Several Democrats suggested that they might accept an interim spending measure to keep the government open into November, delaying the fight until just around the time of another looming deadline: raising the statutory limit on federal borrowing. The exact deadline has not been determined by the Treasury Department, but the Congressional Budget Office recently estimated it would come in October or November.
Republicans are insisting they will demand additional spending cuts in exchange for agreeing to raise the debt limit, while Obama and Democrats say the nation's creditworthiness cannot be subject to negotiation.
The president maintained the same position on that issue at the beginning of the year, and Republicans ultimately folded by agreeing to suspend the debt limit for several months. It is not clear whether they will acquiesce again.
The choice about how hard to fight Republicans over sequestration in September tugs at two competing impulses for the president. One is to avoid brinkmanship that could endanger the economy or unravel government operations. The other is to try to force an end to spending cuts that represent the opposite of his core second-term vision.
Deciding to escalate the confrontation with Congress over the budget would be a break from the president's approach earlier this year.
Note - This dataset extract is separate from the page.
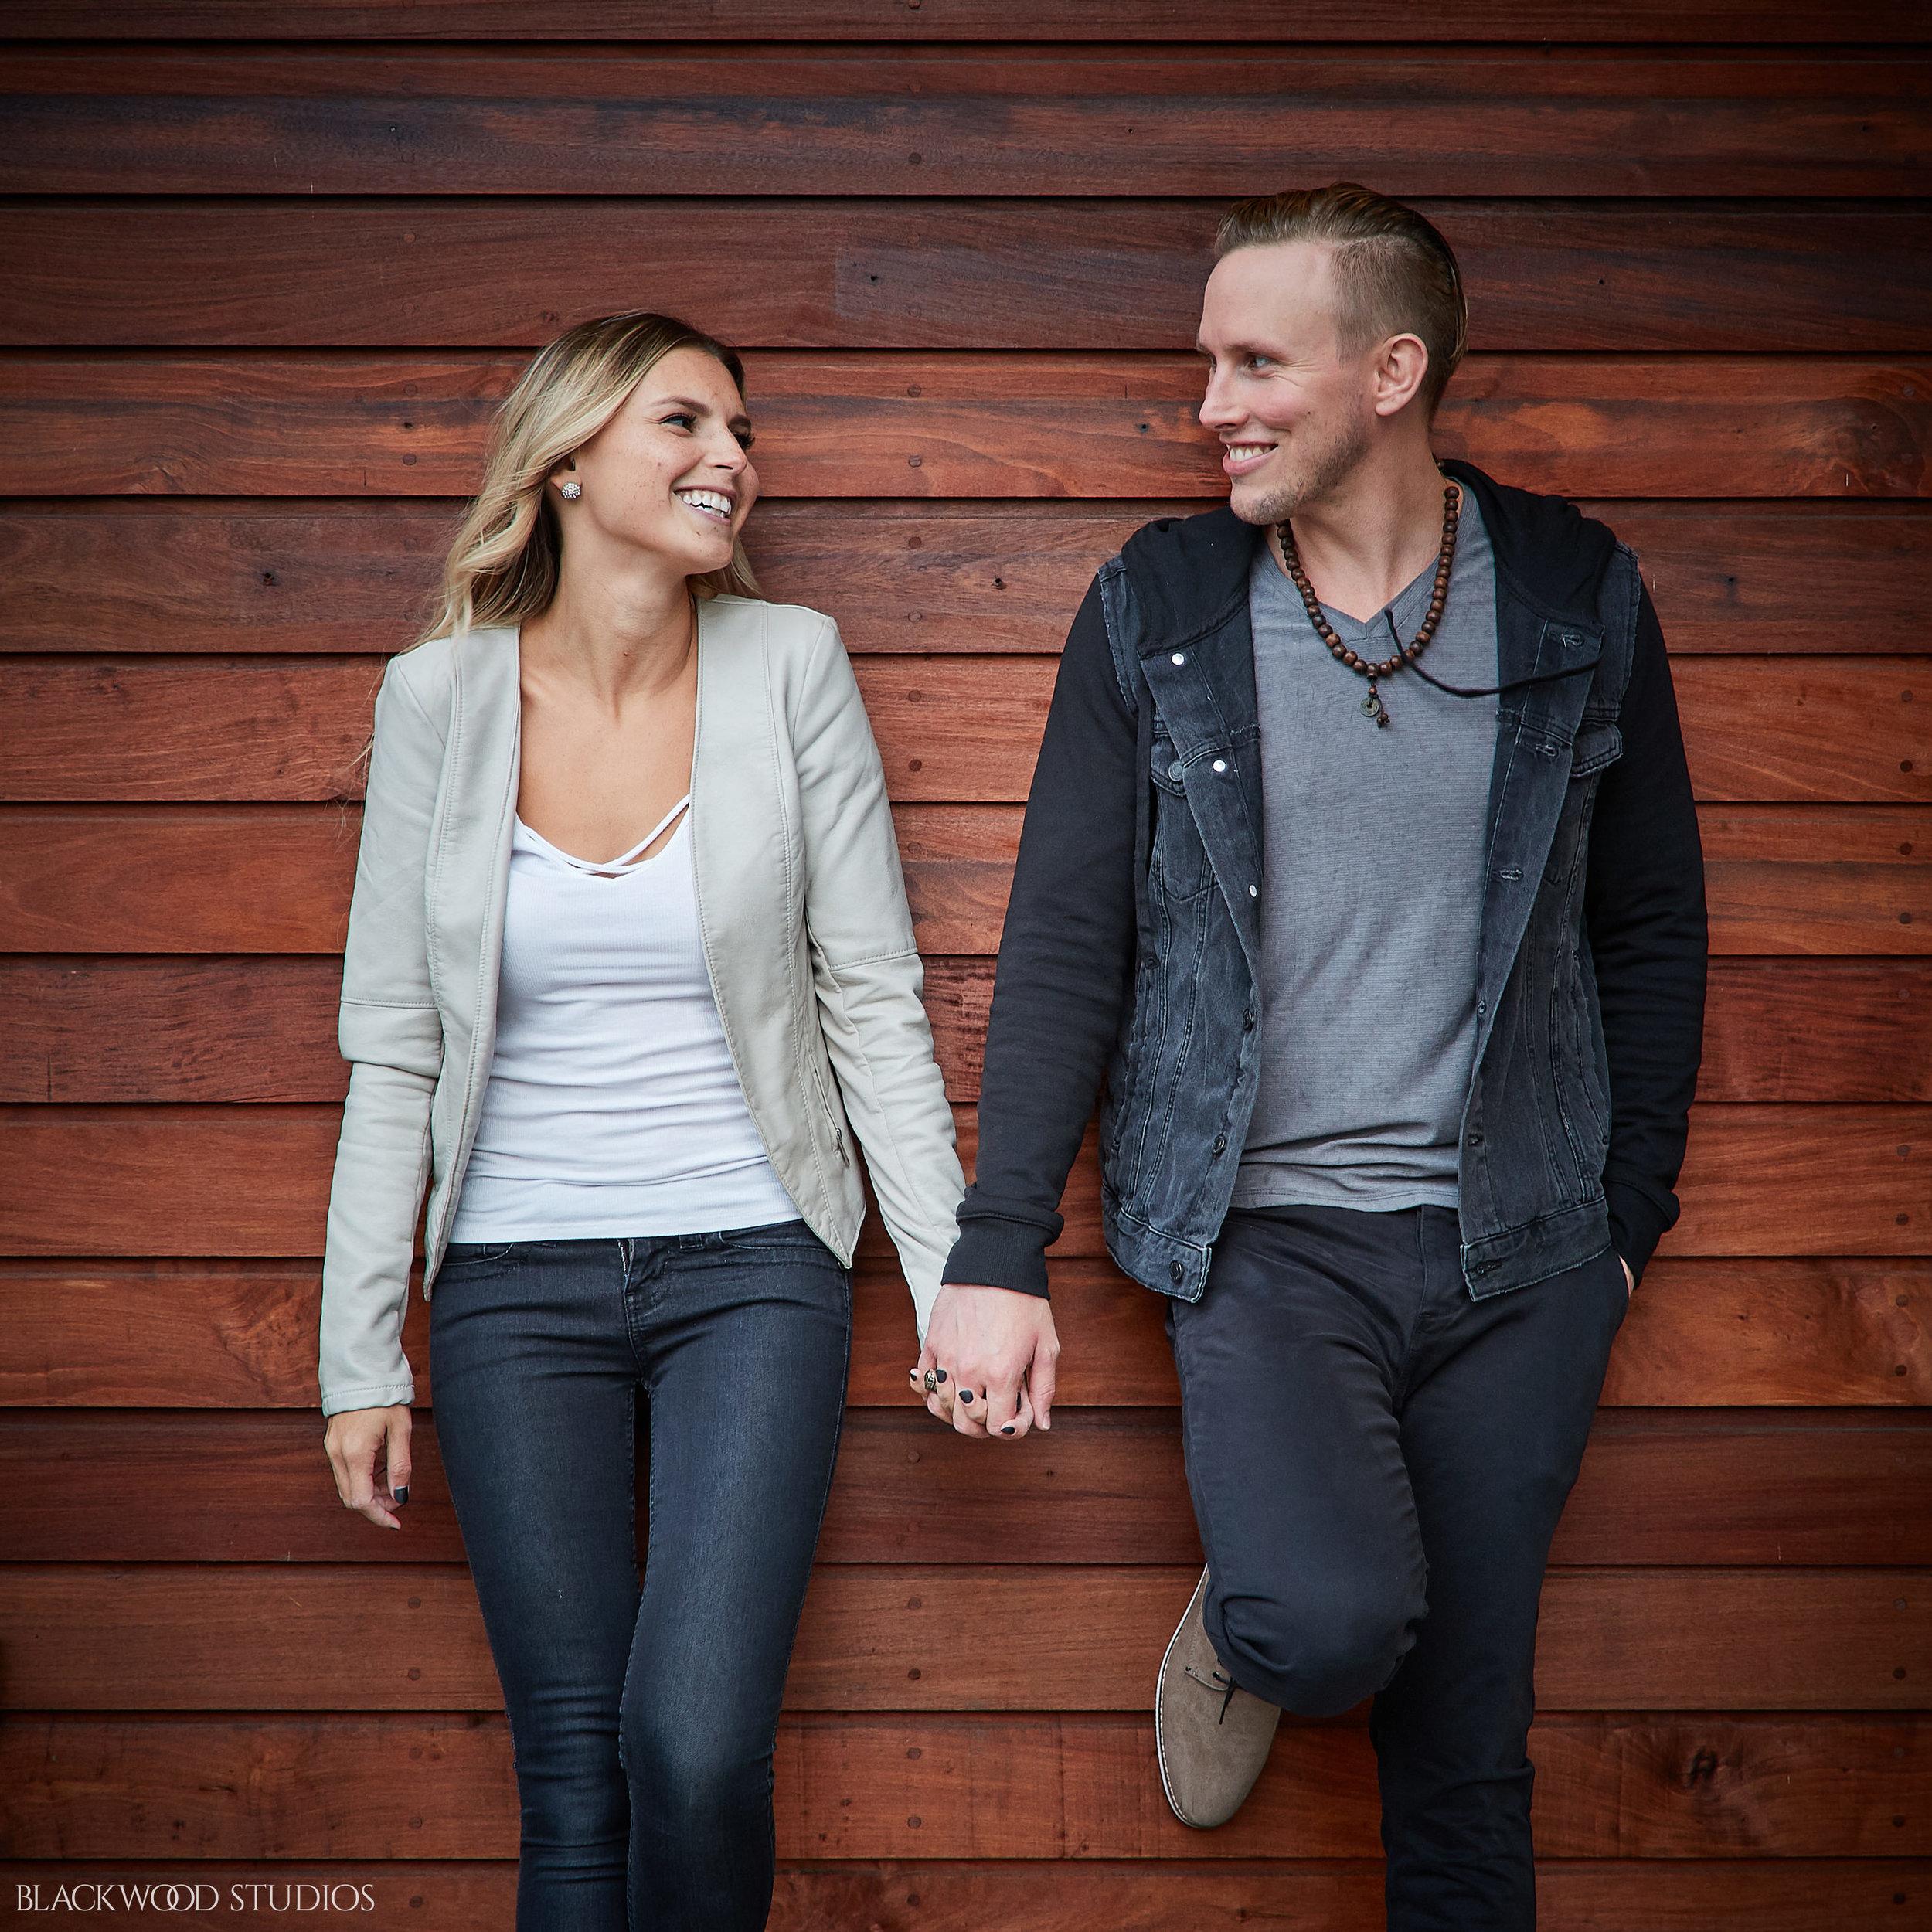 Blackwood-Studios-20181012-180951-Aleisha-and-Brad-Engagement-photography-Toronto-Ontario-Canada-Corktown-Common.jpg

In March, he signed a budget resolution that continued to fund the government through Sept. 30 without forcing a fight over the sequestration cuts. Several weeks later, he agreed to move around money to cancel furloughs at the Federal Aviation Administration to eliminate flight delays, angering congressional Democrats who wanted broader negotiations.
Administration officials said that they had no choice because Senate leaders said that Congress probably would override any veto.
Congressional Democrats, led by Rep. Chris Van Hollen of Maryland, told White House Chief of Staff Denis McDonough after the FAA episode that the administration had to send a much clearer signal about its intentions.
In recent weeks, Obama has been issuing a fusillade of veto threats and signaling that he will not sign bills that do not support his priorities.
In a Thursday letter to Van Hollen, ranking Democrat on the House Budget Committee, the Congressional Budget Office said canceling sequestration cuts in 2014 would create 900,000 jobs.
"There's a real cost to keeping the sequester in place," Van Hollen said in an interview, but he added that the options Democrats will consider in September will depend on public response.
"There is evidence that the pressure from the sequester is continuing to build," he said. "I think the viable options will depend in part on what the public mood is at the time."
There is little time for Congress to work out its differences. Lawmakers will leave for August recess next week and will not return until Sept. 9. Obama will spend a week in August on Martha's Vineyard, Mass., and will be at a summit in Russia in early September.
That leaves only two weeks for both sides to reach a budget agreement upon their return. Some lawmakers are considering a short-term extension of budget funding to gain additional flexibility.